Chris Semtner, curator of the Poe Museum, said Means’ 3-D scanning and printing of artifacts allows the museum’s visitors to interact with the items in new and interesting ways.
“This gives the VCU students a chance to practice [3-D scanning] techniques, but also when they 3-D print things for us, it gives us a new way to interpret the artifacts,” said Semtner. “By interpretation, I mean: telling the artifacts’ stories to the visitors who come here. For instance, with the key [to Edgar Allan Poe’s trunk], we can’t just pass it around the room. But now we can — we can pass around a 3-D-printed replica and say, ‘What sort of device would this open? What kind of trunk would this open?
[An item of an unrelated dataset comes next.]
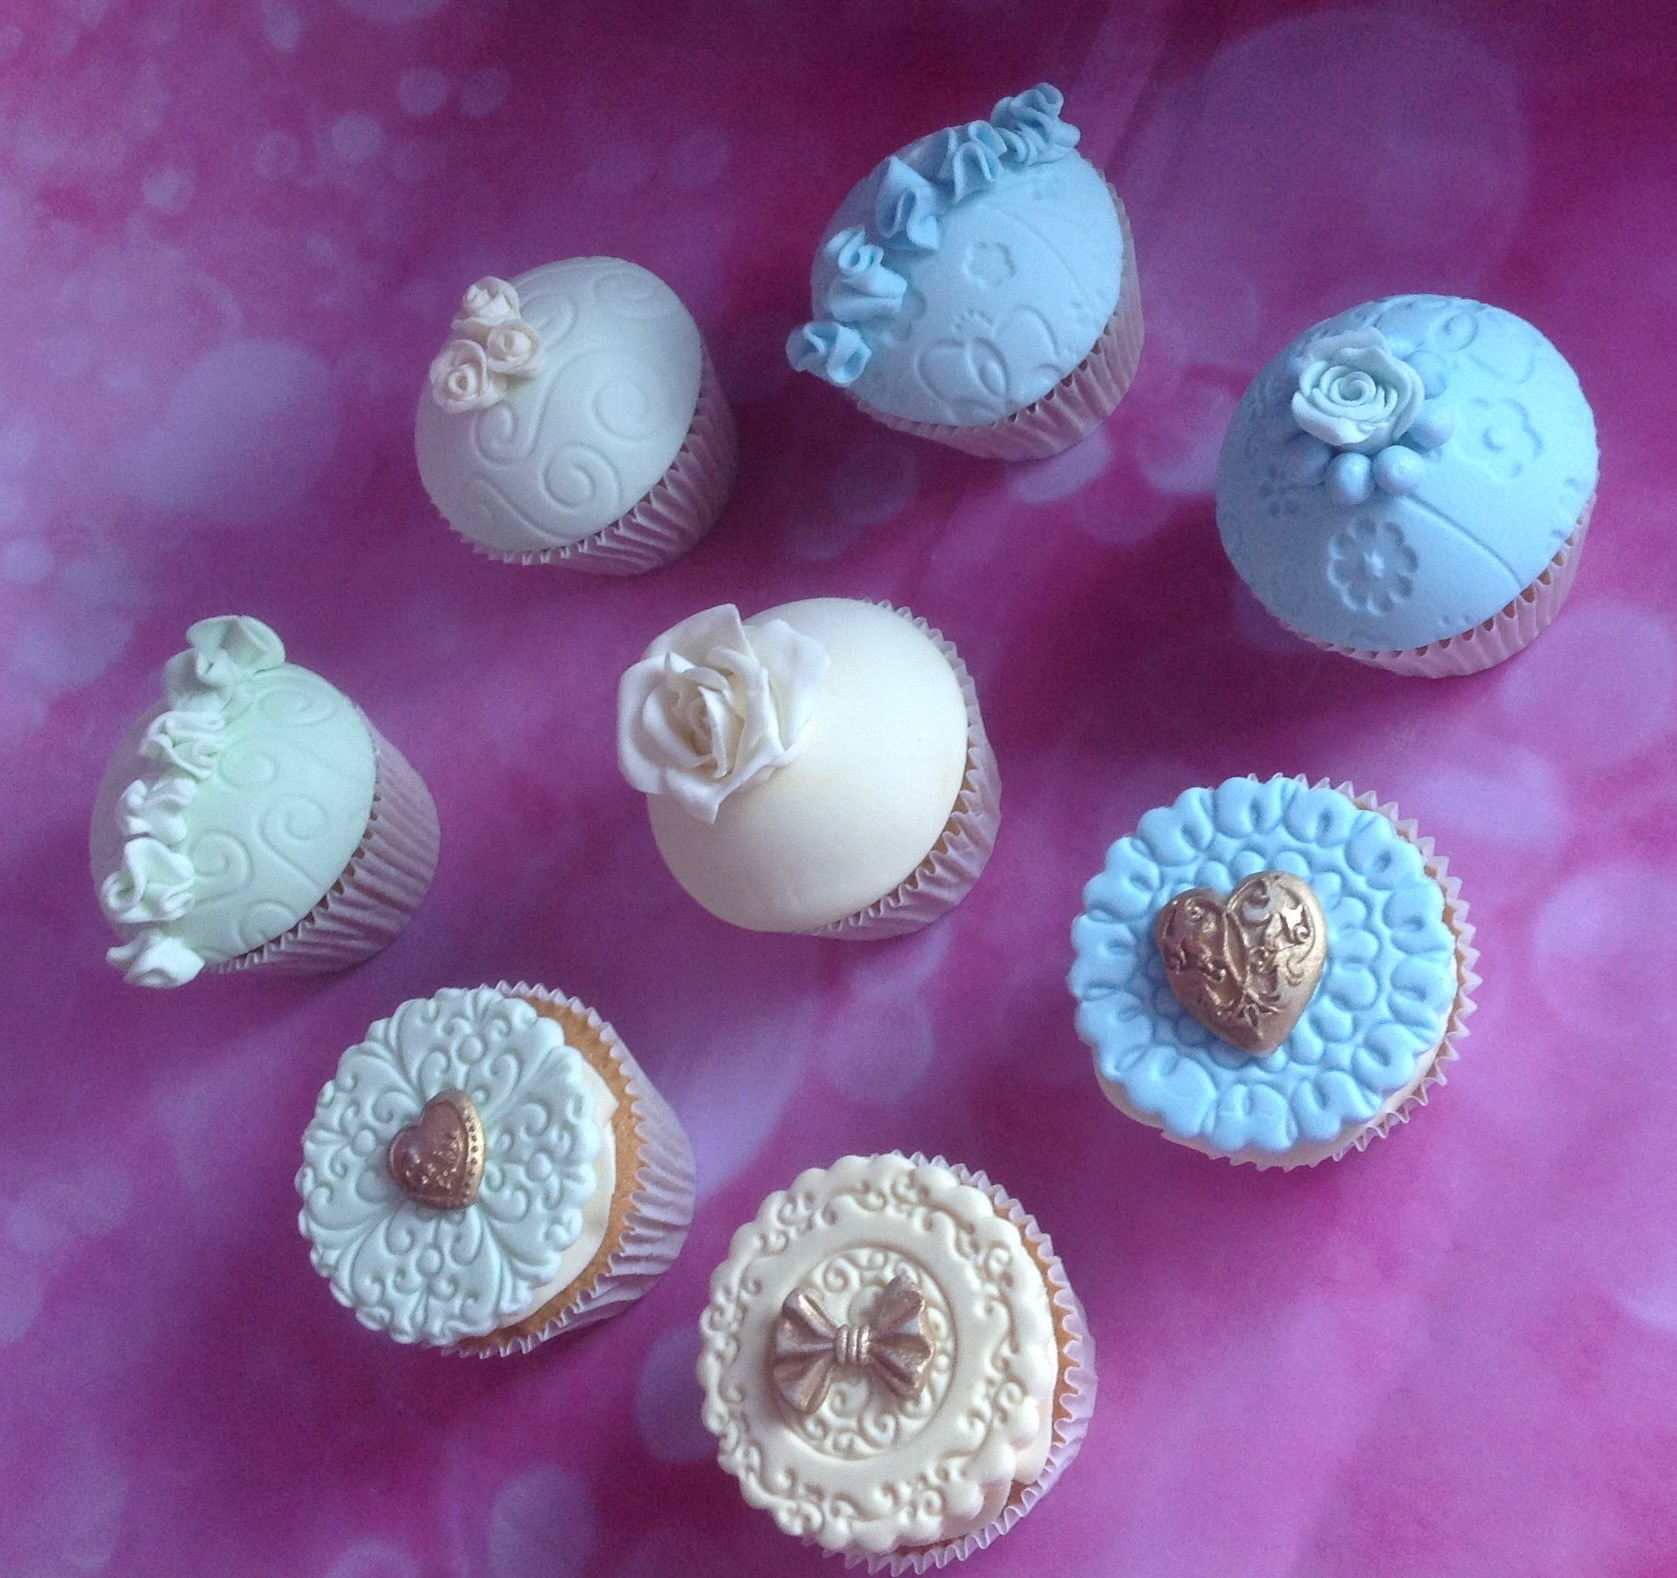 Bespoke Topper Cupcakes

How does it feel in your hand?’”
The museum will sometimes bring along 3-D-printed replicas of artifacts when they visit schools. “We can bring a virtual museum to them, and allow them to hold these recreations,” Semtner said.
The Poe Museum also has used 3-D-printed replicas for “touch tours” for the visually impaired, he added.
“We have vision impaired people come and visit and they want to have a museum experience too,” he said. “This allows them to have something that they can hold and touch and get a feel without us having to give them the original artifacts.”
The Virtual Curation Laboratory frequently partners with small museums to help them promote their missions, as well as to provide VCU students with an opportunity to interact with and learn from the museums, Means said.
“We are particularly focusing our efforts on museums within the Richmond community, as one way that VCU can help give back to the community,” he said. “Some of the items that we 3-D scan are being incorporated by teachers in the area into their lessons.”
One teacher in Henrico County, for example, has developed a lesson for eighth graders around the Poe key that Means’ team 3-D scanned during a previous visit.
On Monday, the team took turns scanning artifacts amidst the Poe Museum’s Halloween decorations, including small tombstones lining the walkways outside and a skeleton peeking down from atop the staircase.
“Halloween is like our Christmas,” Semtner said.
As the team waited for the 3-D scanning process to finish, they traded a few favorite Poe puns.
“What did Edgar Allan Poe put in his hair?” Means said. “Poe-made.”
“Why was Poe’s wife’s trinket box so small?” said Brenna Geraghty, Virtual Curation Laboratory lab manager. “Because she was Poe.”